I'm trying to use the FluxSimulator to generate some synthetic data on which I'm comparing a number of different RNA-Seq expression estimation tools. A number of existing methods test their quantification procedures on data generated using the generative model that the method itself assumes (thus begging the question and resulting in potentially misleading estimates). The FluxSimulator seems like a great tool — developed independently and with the goal of generating realistic synthetic data — on which to test some of these methods.

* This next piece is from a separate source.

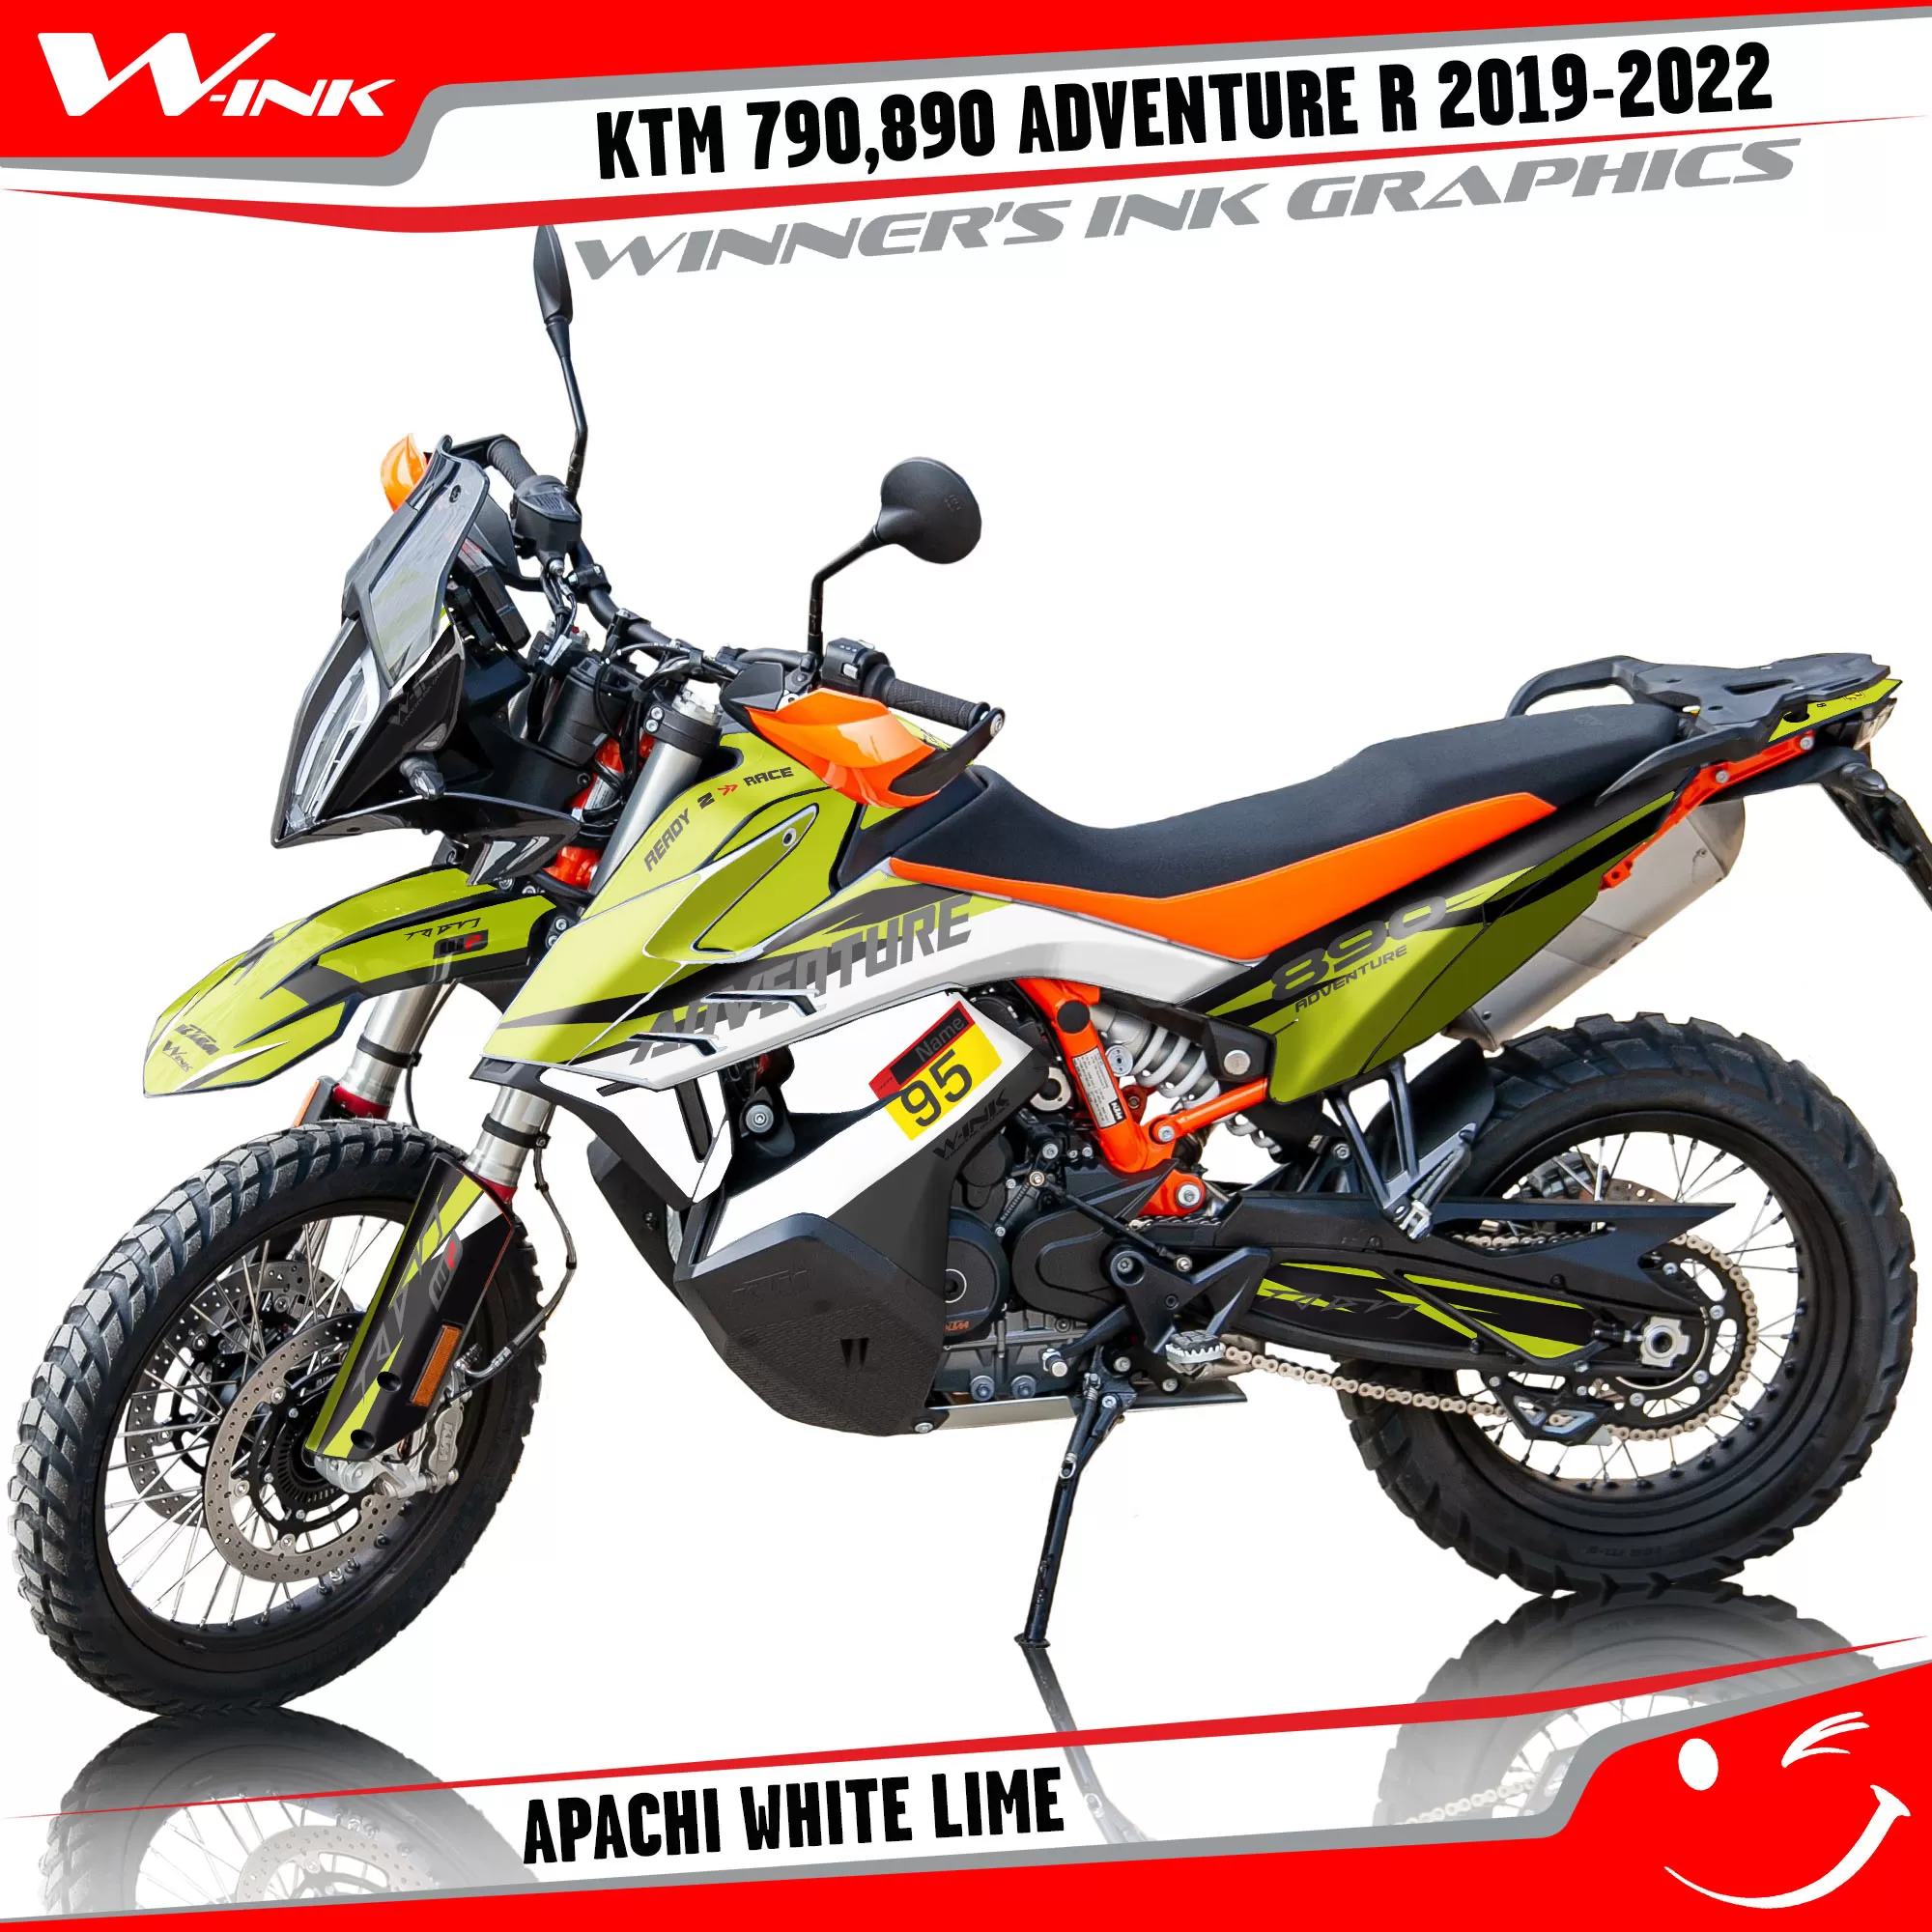 Adventure-R-790-890-2019-2020-2021-2022-graphics-kit-and-decals-with-designs-Apachi-White-Lime

Right now, however, I'm getting some very strange results when using eXpress to estimate expression levels on a synthetically generated dataset (.par file – fluxSim_Hsapien_defaultExp_76bpWithError.par). Specifically, eXpress is producing a number of warnings of the form:
"WARNING: The observed alignments appear disporportionately in the forward-reverse order (270392482 vs. 855441). If your library is strand-specific, you should use the --fr-stranded option to avoid incorrect results."

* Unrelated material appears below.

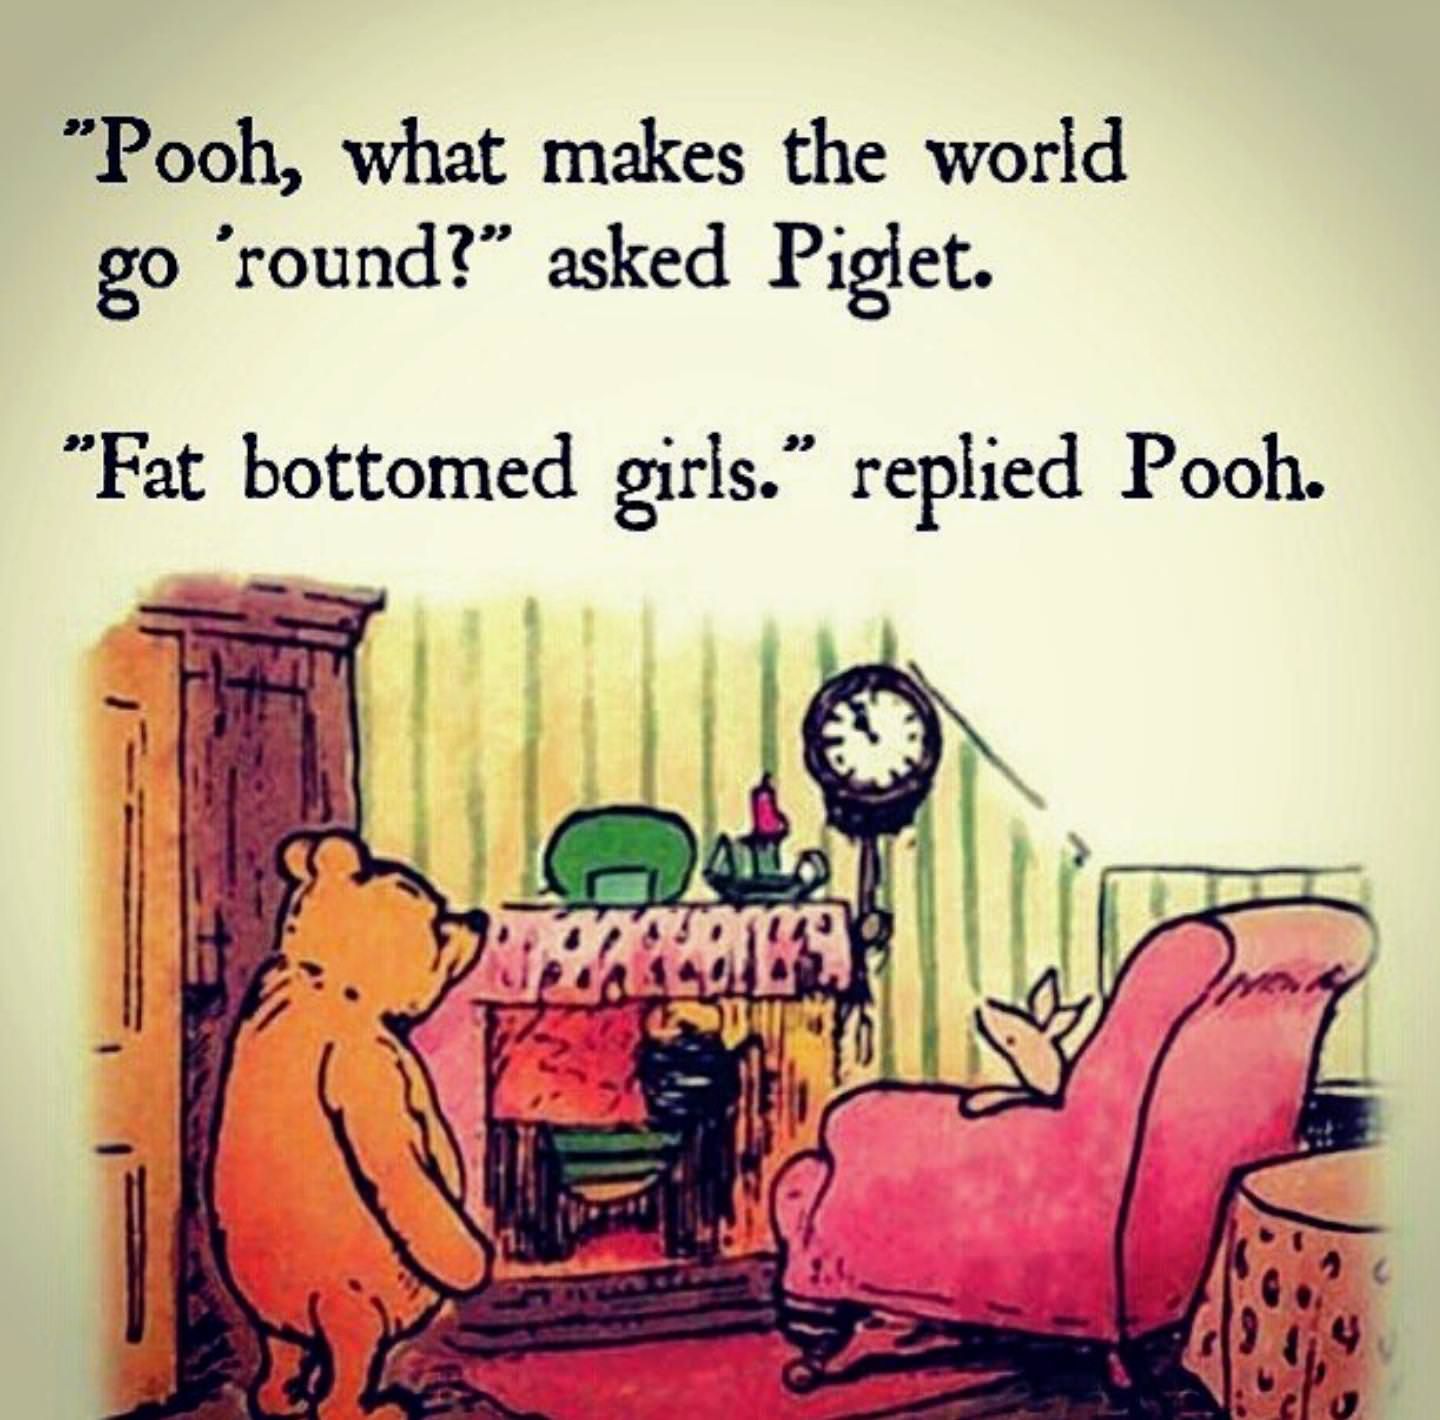 Pooh was on to something...

and the resulting quantification estimates are very poor (spearman R ~ 0.64). However, RSEM performs well (spearman R ~ 0.94). I was wondering if the FluxSimulator, run with the parameters included above, will produce a strand-specific library. I read nothing about this in the documentation, and I assumed that the resulting library would not be strand-specific. Could you inform me what the default behavior of the FluxSimulator is regarding the strandedness of the library? If it is strand-specific by default, is there a way to produce a library that is not; what is the parameter that controls this? Thanks for your help!